Mikki mulled the information over for a while.  There was nothing
peculiar  about a  businessman of the  caliber  of  Paul Glass, going to Paris.   He could think of a thousand appropriate reasons:  a  trade  show,  meeting  clients, coordinating global operations.  Why would such a trip have anything to do with Karen?

Yet something was nagging at his conscience.  There was something else, something they had not considered until this very moment.  The motive!  What motive would a father have to take such drastic measures as kidnapping his own daughter?

"I  just  had  a  thought,"  he  said,  still  trying  to  piece  his reasoning together.

Lisa looked up expectantly.

"Assuming we are on the right track, we've never actually considered why your father would have done such a thing.”

He paused for a moment and continued carefully.   "I can think of only one reason that would make him take such action…" He paused again and let her fill in the blank.

"His company," she said and bowed her head in anguish. “It was always The Company!"

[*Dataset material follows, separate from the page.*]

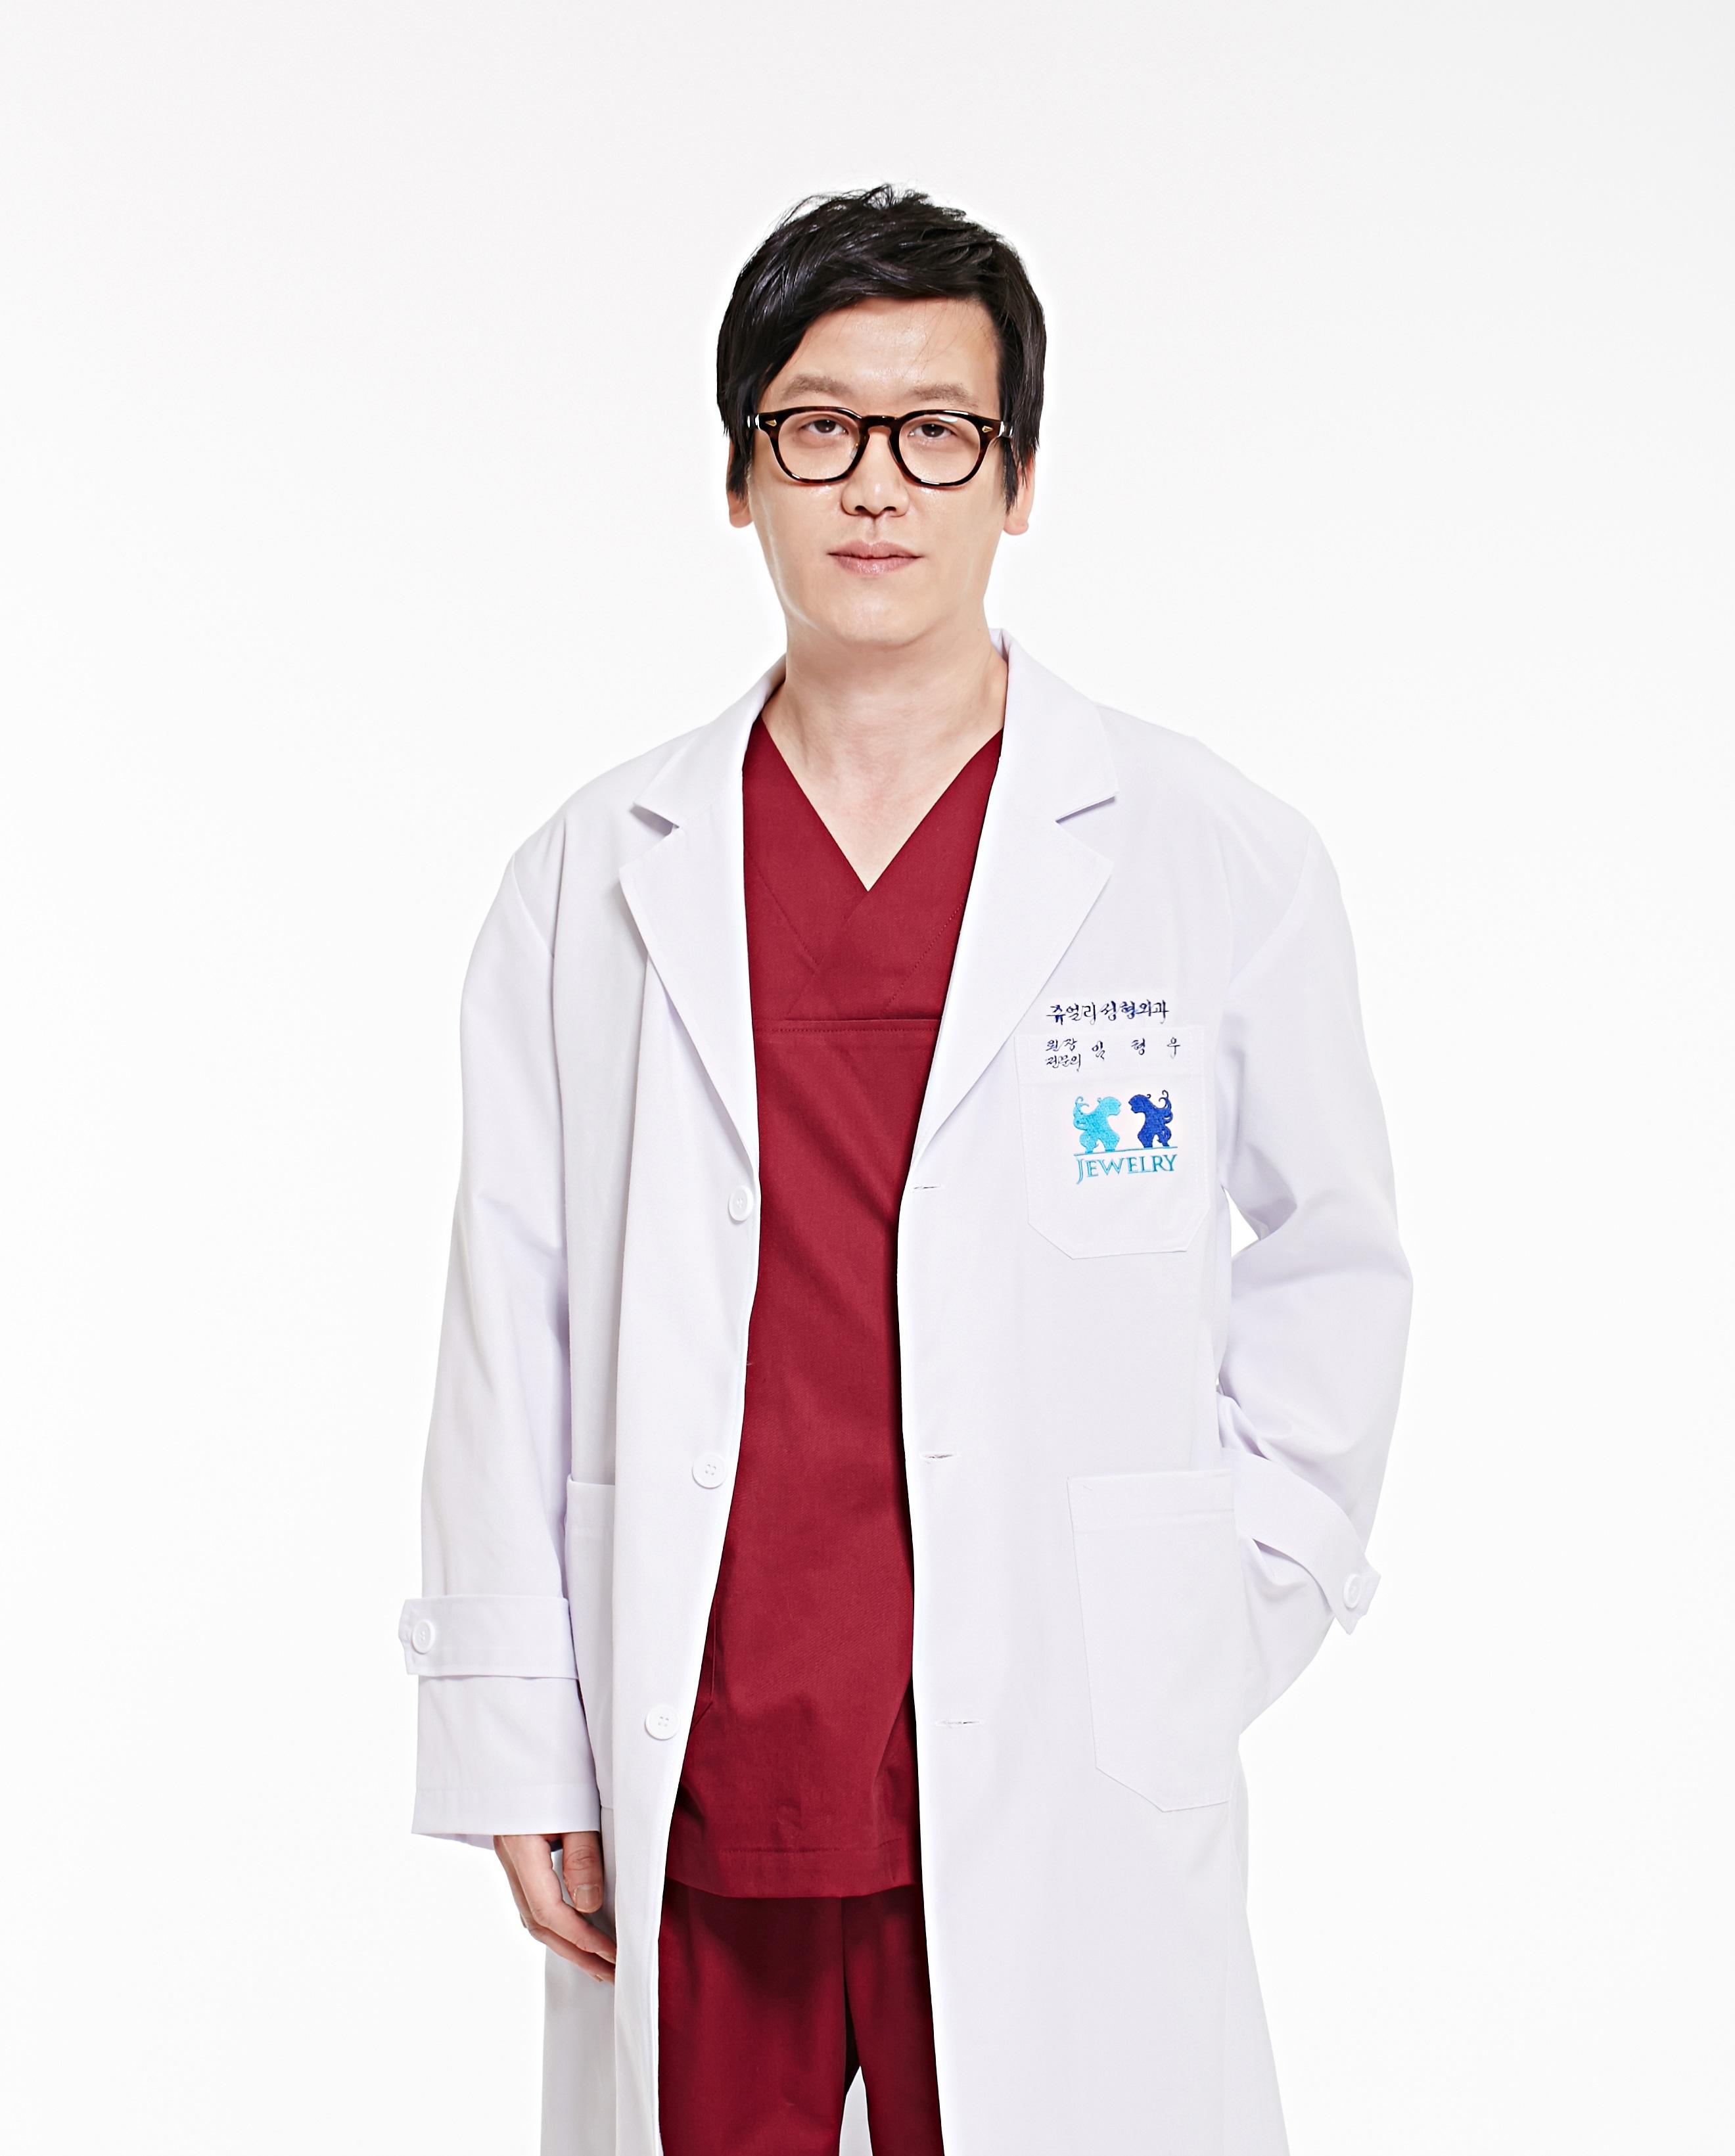 모양·촉감 갖춘 '모티바 가슴 재수술', 공식 지정 병원에서 안전하게 진행해야

Mikki nodded and continued excitedly. "Somewhere down the line he sacrificed his daughter for his company!"  

Lisa kept tensely focused, resembling a condemned person about to be handed a sentence. 

"We may be able to find the end of a string if we track the company's past to a certain trouble spot," Mikki suggested.

Excited at his own insight, he got up and began pacing the room.

Lisa lay back on the bed and closed her eyes.  Now that they had considered it, she knew it made sense.  She was certain it had been lurking somewhere in the back of her mind all along.  It was the family curse she had refused to confront; the reason she and her sister were denied a normal life.  She hated the company.  She hated living in its shadow and she despised the thought that once again it proved to be the source of her pain.